What you should do:
Copy the listing below in full and skip every picture.

Collected material:
BEGIN
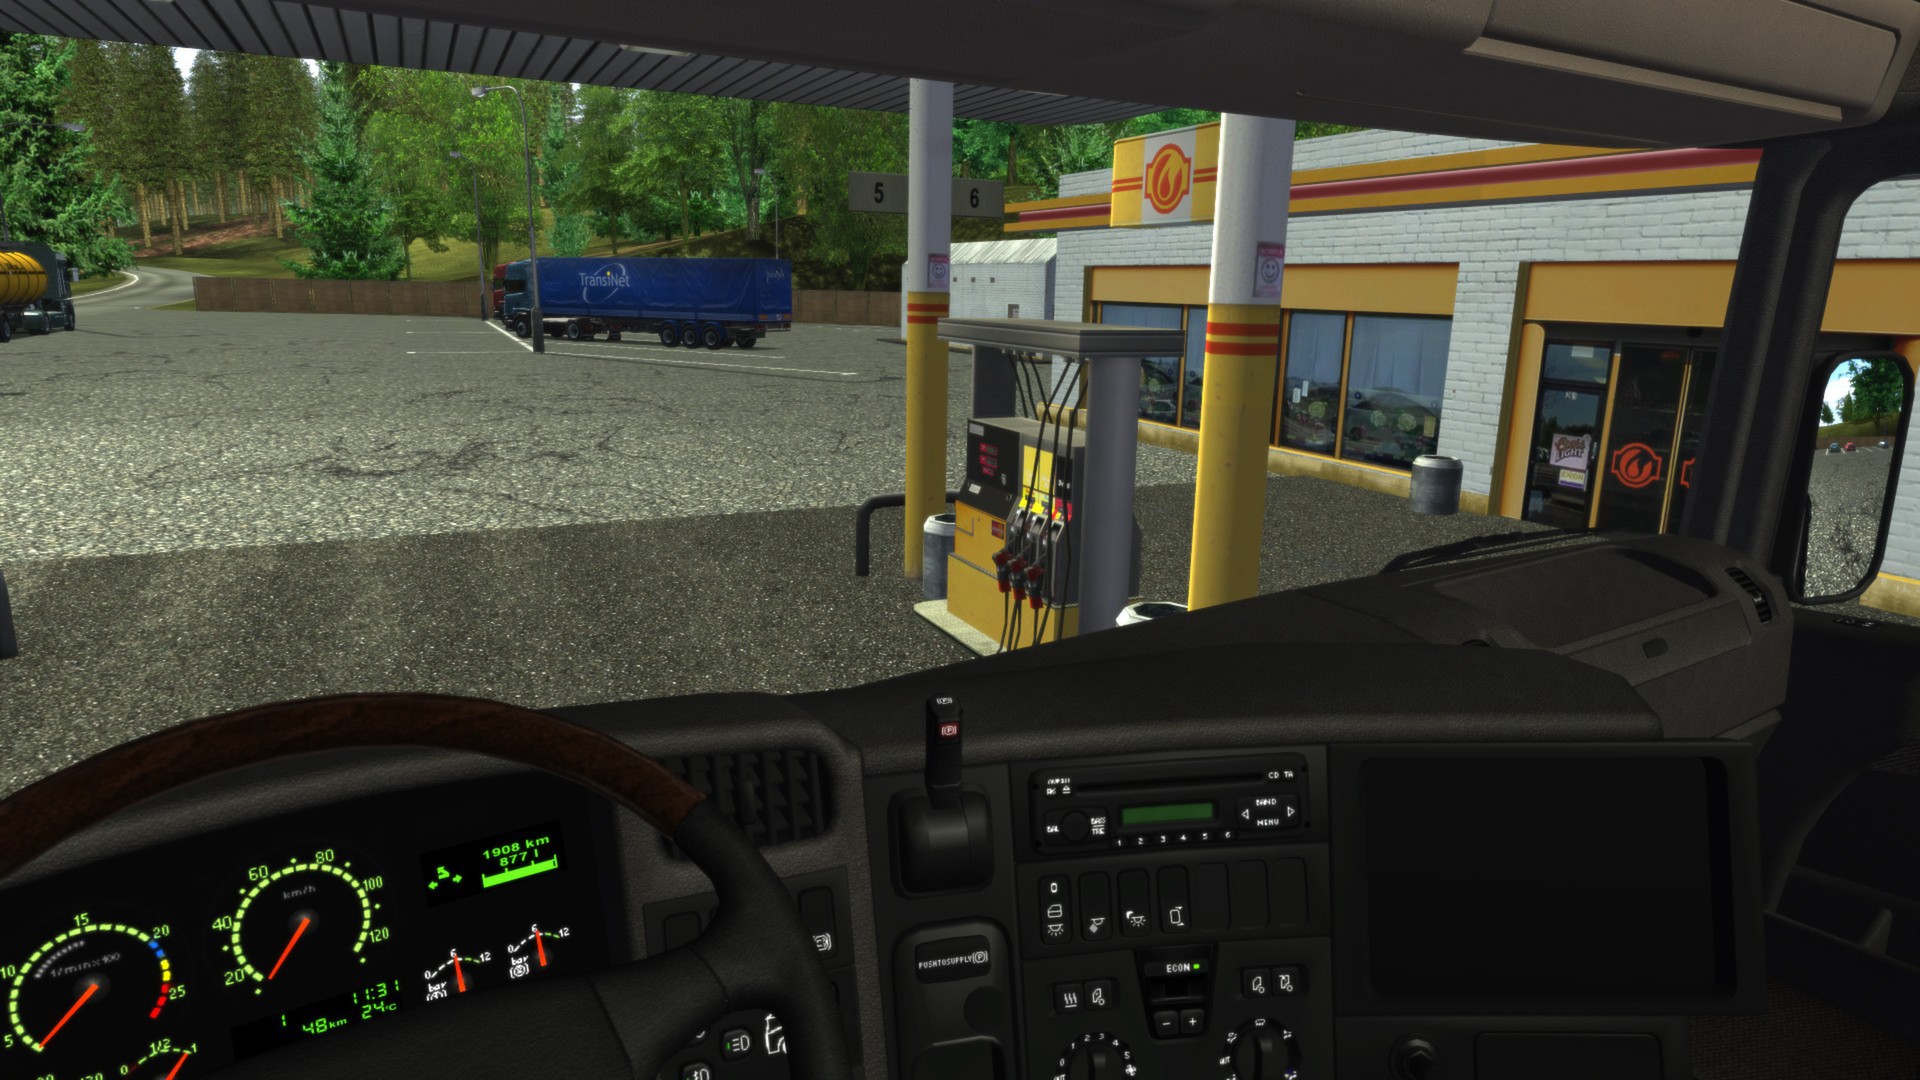 Euro truck simulator pc game download free
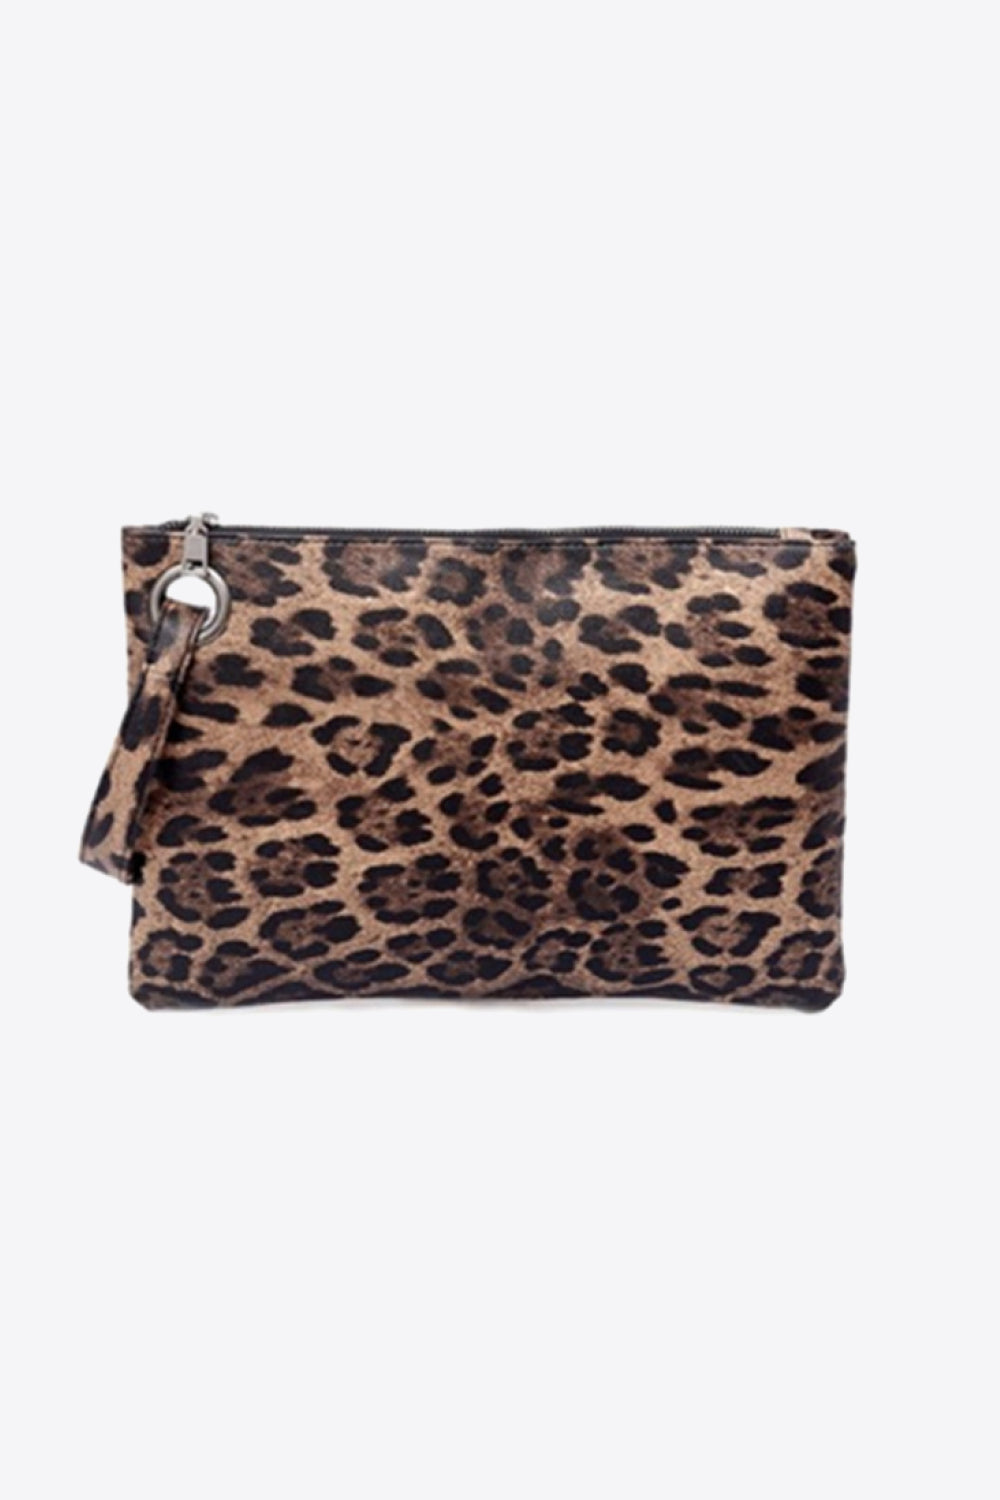 PREORDER- Leopard PU Leather Clutch
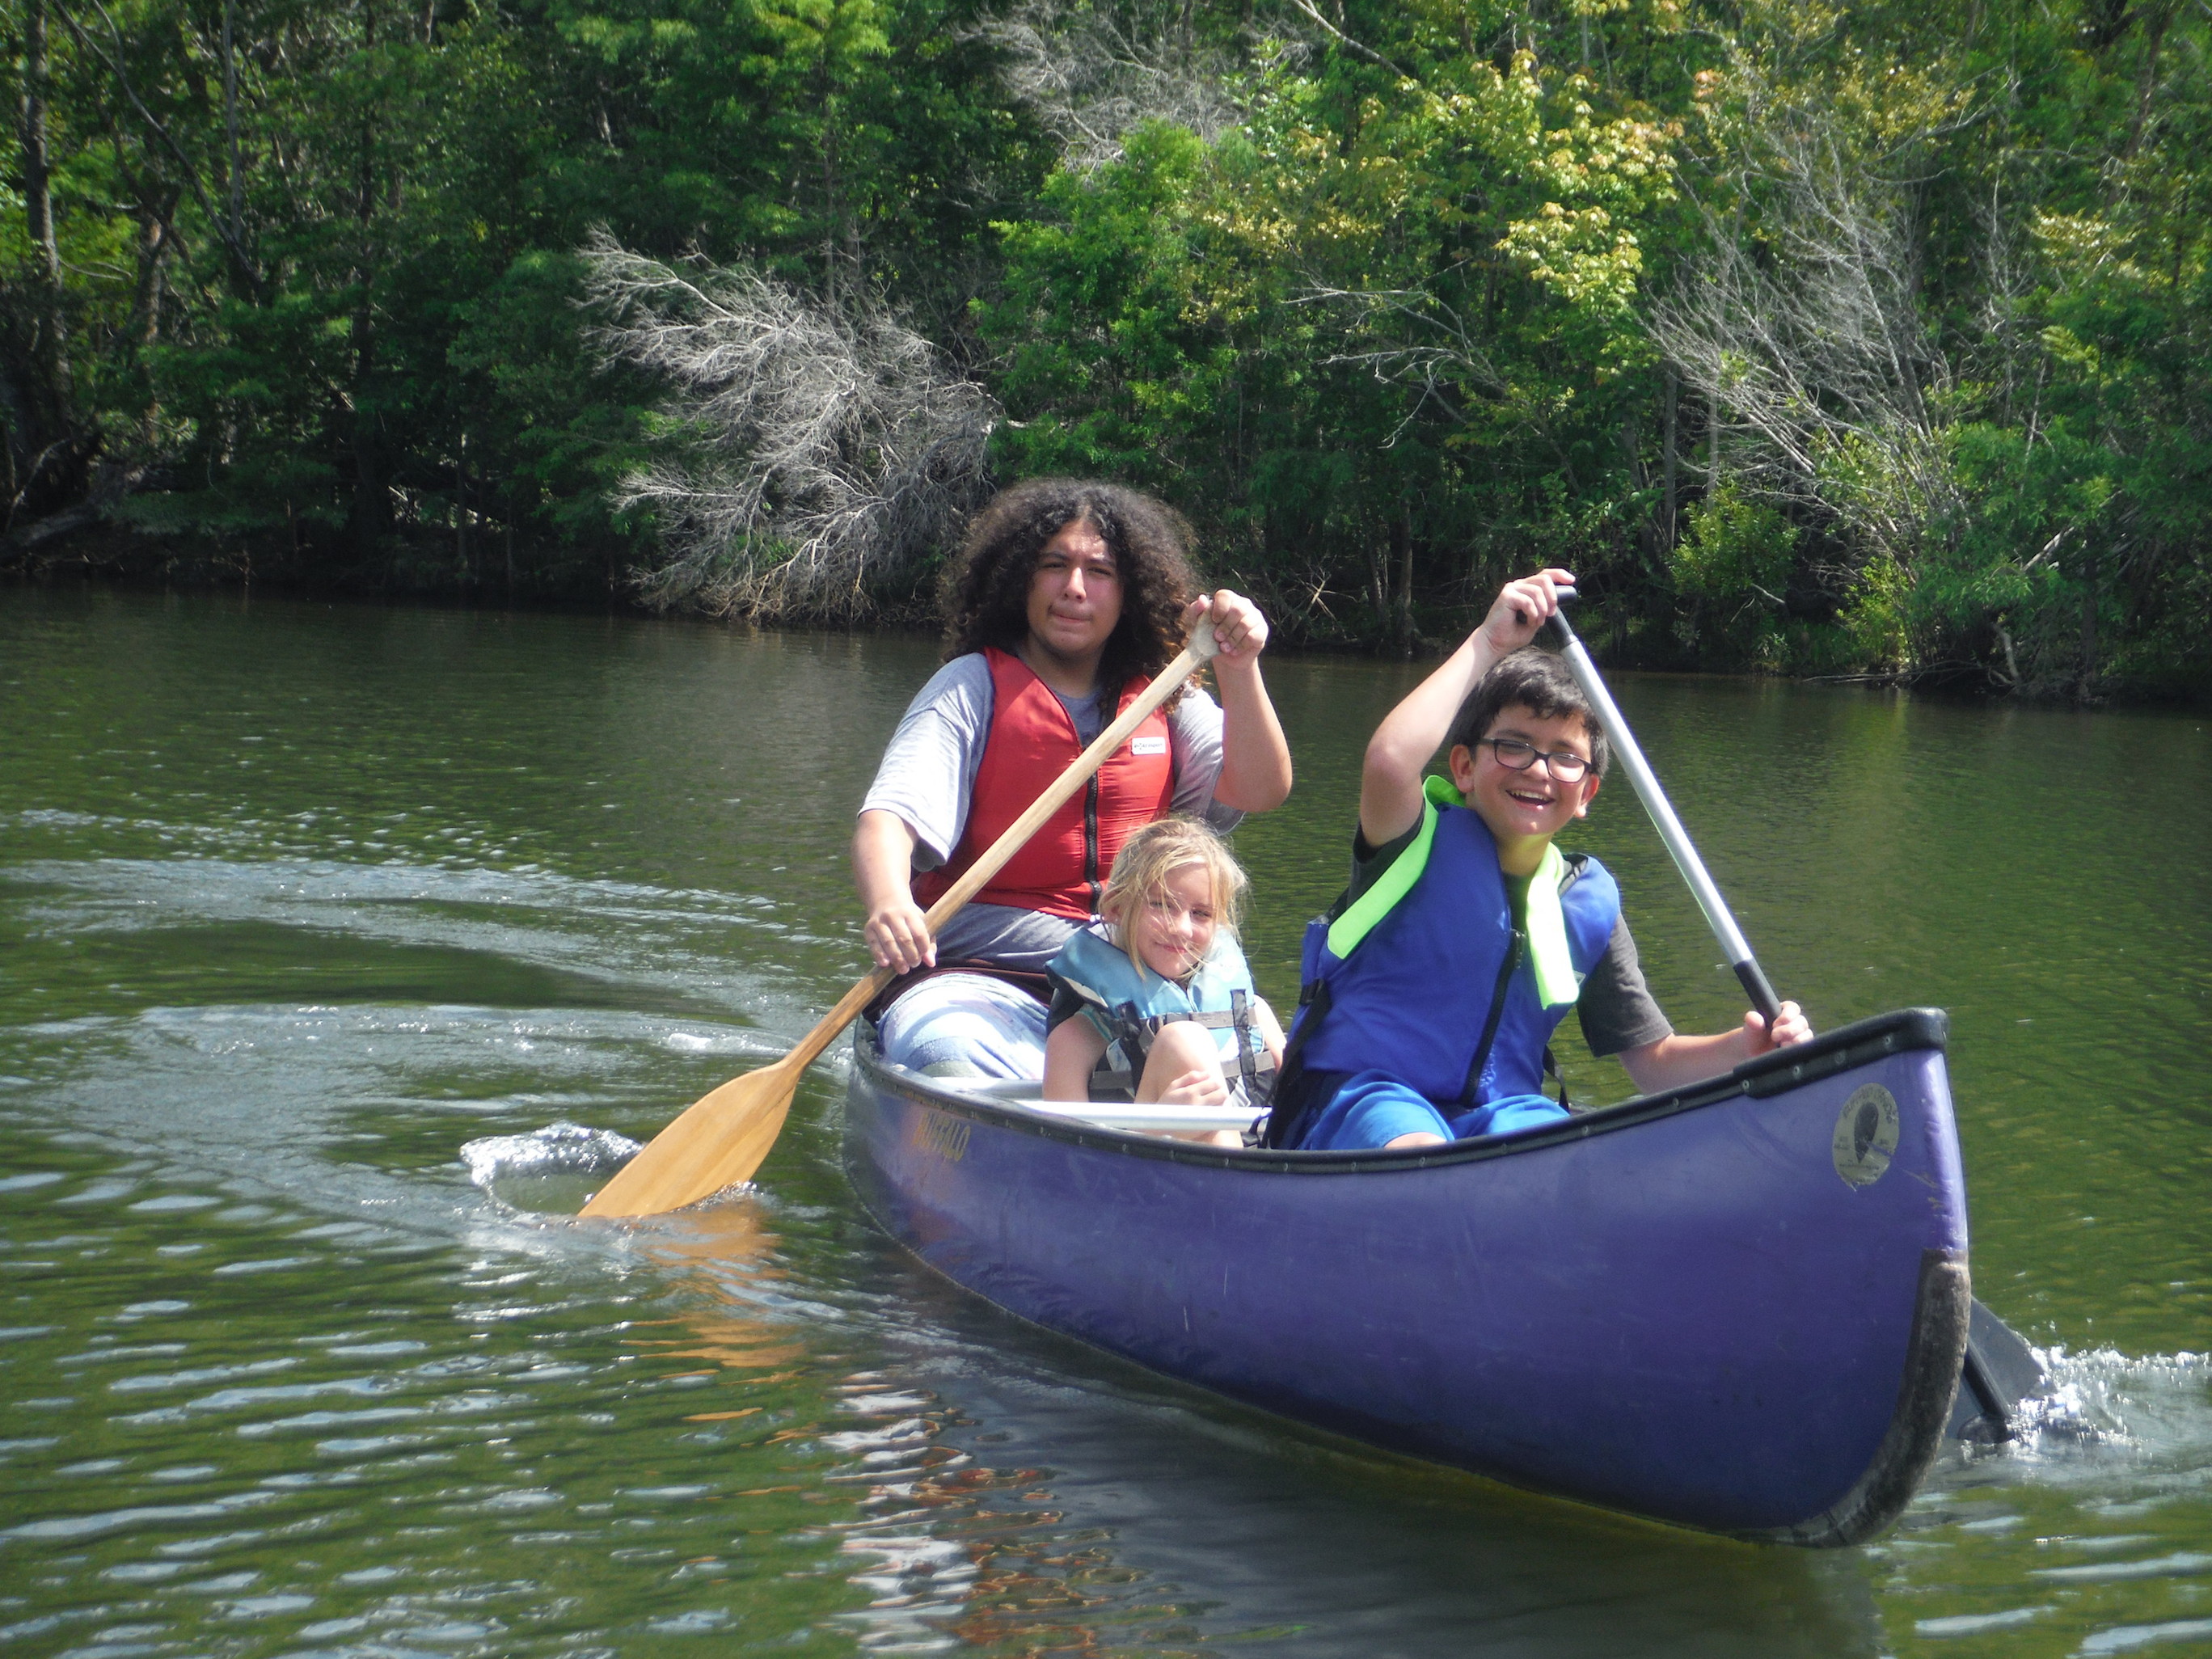 Success at canoe camp
END
Problem solution:
 Euro truck simulator pc game download free
 PREORDER- Leopard PU Leather Clutch
 Success at canoe camp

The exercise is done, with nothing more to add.